Services Reconnaissance Department (SRD), also known as Special Operations Australia (SOA) and previously known as Inter-Allied Services Department (ISD), was an Australian military intelligence and special reconnaissance unit, during World War II.

Foundation 
Authorised by Prime Minister John Curtin in March 1942, following the outbreak of war with Japan, the Inter-Allied Services Department was formed on 17 April 1942 having been given approval by General Thomas Blamey and modelled initially on the British Special Operations Executive (SOE); it was organised initially by SOE British Army officer, Lieutenant Colonel G. Egerton Mott.

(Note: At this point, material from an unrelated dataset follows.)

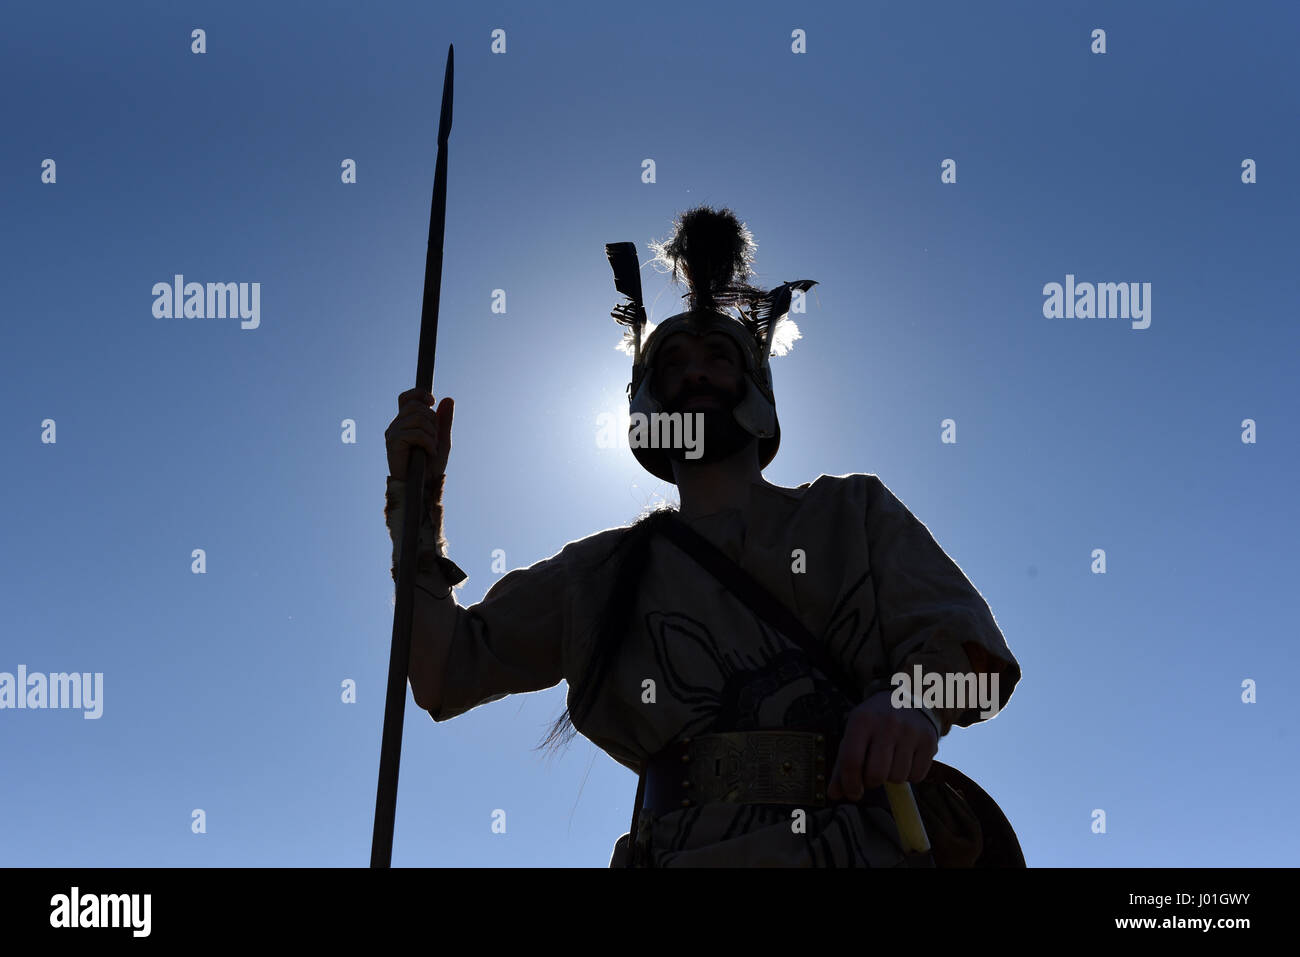 Garray, Spain. 08th Apr, 2017. A man wearing a costume of Celtiberian warriors during a representation in the ancient Celtiberian settlement of Numantia, famous for its role in the Celtiberian War, in Soria, north of Spain. Credit: Jorge Sanz/Pacific Press/Alamy Live News Stock Photo

For security reasons it was named ISD and its existence was to be only known by the Prime Minister and the High Command.

Operations 
On 6 July 1942, a controlling body Allied Intelligence Bureau (AIB) was formed to co-ordinate the operations of ISD and other similar organisations and became fully functional in December 1942. ISD was known as Section A within AIB. In February 1943, ISD was disbanded and a new body called Special Operations Australia was formed in April 1943 not under the control of the AIB. Shortly afterwards the cover name of Services Reconnaissance Department (SRD) was given to SOA in May 1943. This was done because of the similarity of the initials SOA to SOE, whose security was likely to compromised. Z Special Unit was transferred to SOA from AIB, and it was decided to form M Special Unit for the AIB.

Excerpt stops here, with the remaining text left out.